I have asked myself one question on the two occasions I have tested the Opel Adam – Is this a product that is simply trying too hard or has it hit the nail on the head? My first experience was with the 1.4 litre petrol bright yellow ‘James Blonde’ Adam back in 2013. It had been designed with a certain young, hip and connected demographic in mind. It offered thousands of personalised colour combinations, looked cool and offered a quality cabin. But turning to the simplicity that is the Fiat 500, I did feel it was trying a little too hard.
Roll on 2015 and enter the Adam Rocks. Designed with the same young edgier target market in mind, It comes Opel’s brand new 1.0 turbo petrol engine and with the Rocks pack comes a beefier, more rugged body kit with unique front and rear bumpers, side sills and wheel arch extensions. Finished in ‘Red n’Rolla’ red with contrasting cream interior, it oozed the balanced flair and charm that would appeal to either sex. First impressions were good so is it now a case of nail on head?
On the road, the Adam Rocks sits 15mm higher than the Adam and rides on 17 inch sterling silver ‘Swiss blade alloy wheels’. Despite the large sized wheels on the small city car, the additional height adds some comfort to the ride. Like the Corsa, the steering feels sharp and it handles well. The new 3 cylinder 1.0 Turbo petrol engine puts out 115PS and 170Nm and is a breath a fresh air compared to the 1.4 petrol. It instantly feels pokey and more alive. Acceleration is by no means rapid with 0-100kmh being achieved in 9.9 seconds, but when you’re up and cruising on motorways however, it absolutely flies and the 3 cylinder remains quite composed and refined with very little noise. Despite its size and it being a city car, I found it to be a good motorway cruiser.

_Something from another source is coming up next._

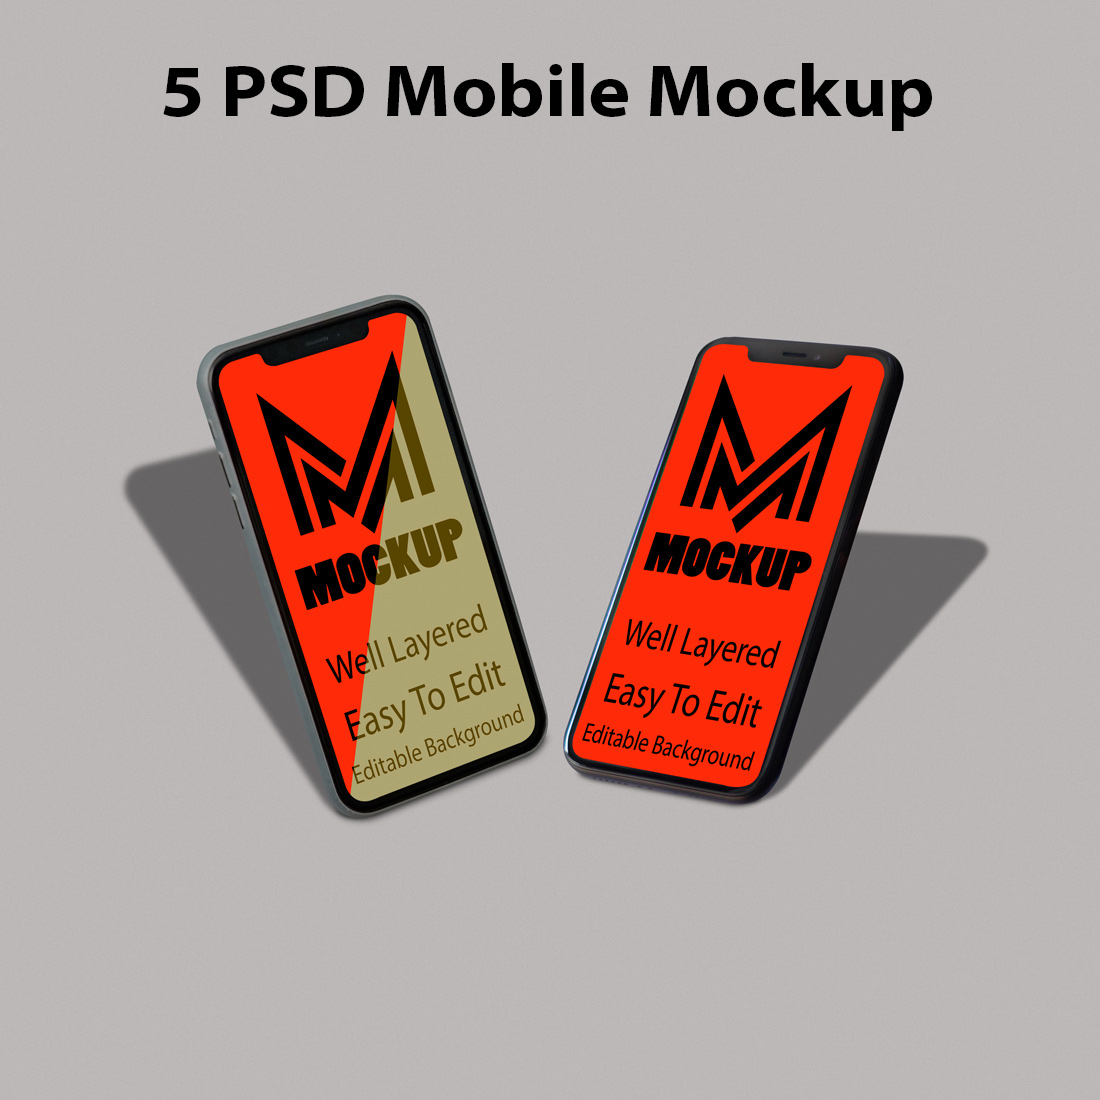 5 PSD Mobile Mockup cover image.

Inside, like the Opel Corsa, the cabin is very well finished with the use of quality materials and a funky use of contrast colours between the dashboard, seats and throughout. The excellent IntelliLink system dominates the centre console and manages all of your phone and media from the easy to use 7 inch touch screen. A system that will blend well with the ‘online’ nature of today’s young driver. These functions can also be controlled via the leather multi-function steering wheel. Overall the Adam Rocks is exceptionally well equipped and feels like a quality product. While front seat passenger space is ample, rear passengers are not quite as fortunate. It’s tight in the back and is more suited to younger children when it comes to extended journeys.

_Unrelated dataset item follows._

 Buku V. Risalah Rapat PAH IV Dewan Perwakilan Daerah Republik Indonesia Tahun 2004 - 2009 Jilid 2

Since its introduction the Adam has been somewhat of a Marmite car for most that have experienced it. For me, the original Adam back in 2013 was clearly focussed on a niche demographic of the market but didn’t quite meet the brief. The Adam Rocks however brings it so close to the marque that it appears to be poised to steal some of the ever dominating Fiat 500’s thunder. It’s not just the looks but the full package that makes the Adam Rocks. No other city car can touch its interior for style or quality. The new 1.0 petrol engine is also a welcomed addition and alternative to the 1.4 adding a spark to its character and a well thought out exterior package including the folding cloth roof are features that add that urban fun factor.

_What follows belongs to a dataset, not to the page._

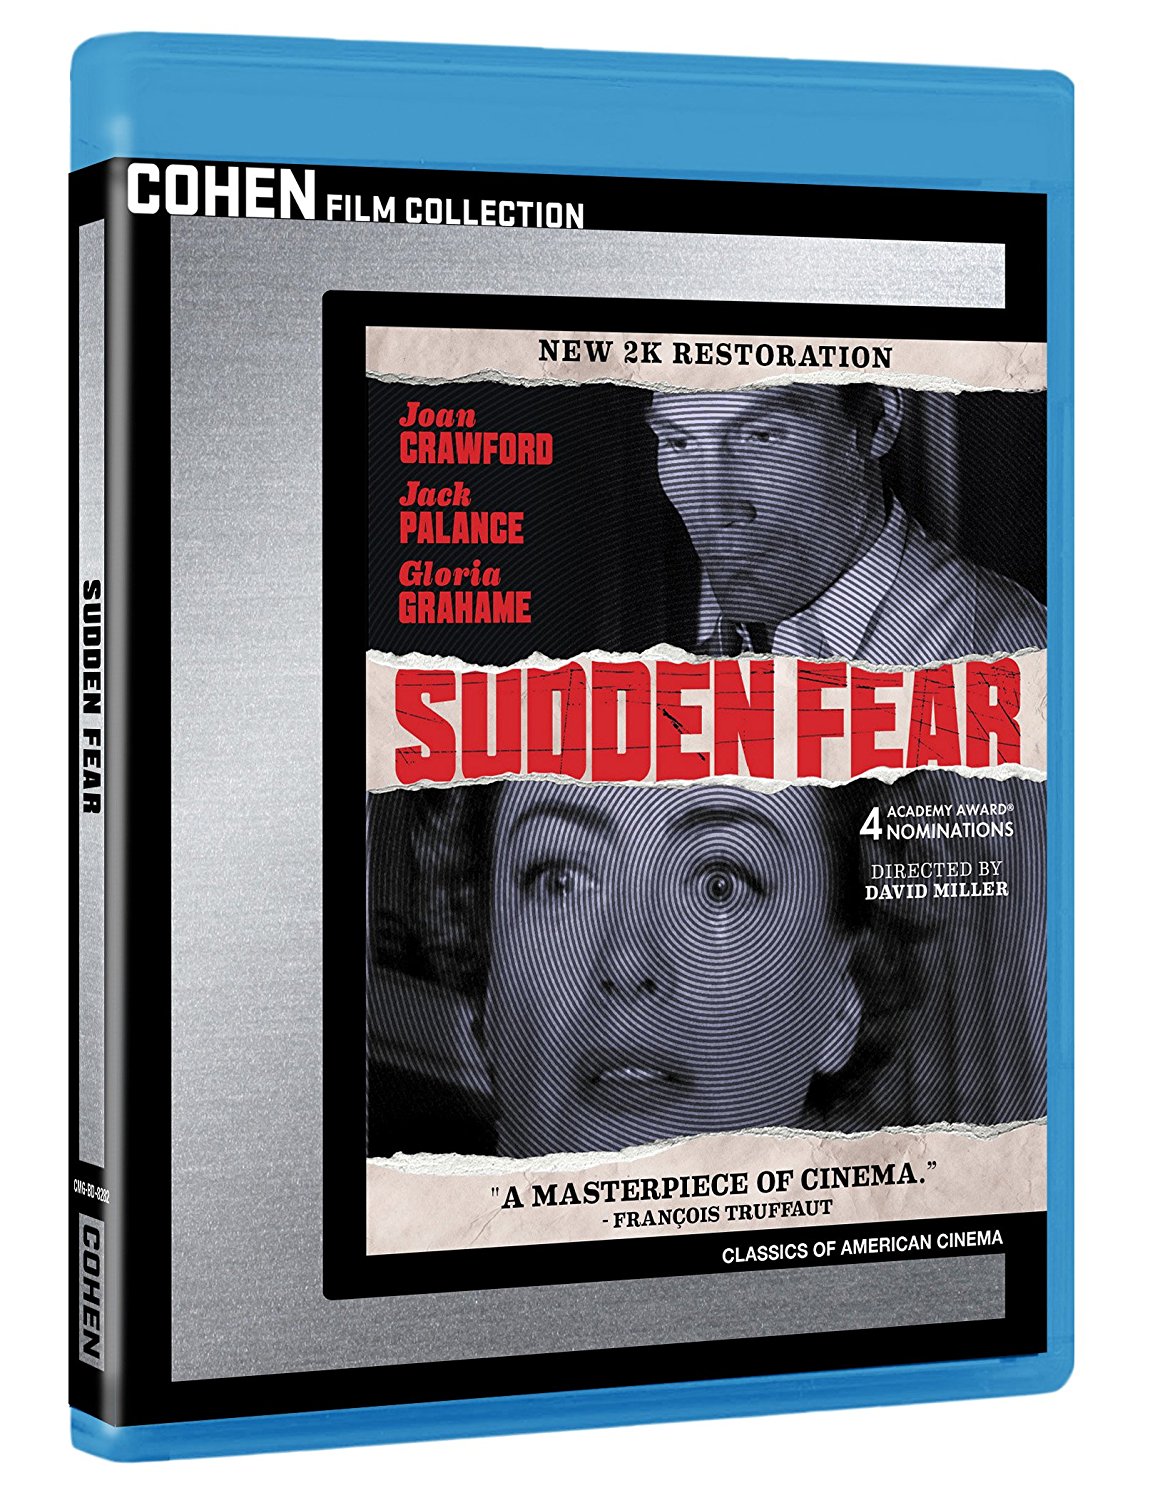 Sudden Fear, starring Joan Crawford, Jack Palance, Gloria Grahame

Starting from €18,995 with our test car coming to €21,745, affordability could be an issue for a younger market. That said, standard specification and build quality may justify that price tag. I was not expecting the Rocks to be quite so different from the Adam but I have to admit I was a little taken by the Adam Rocks on this occasion. It doesn’t feel like it’s trying too hard with a real personality of its own now shining through and with it comes a much improved drive and sense of appeal.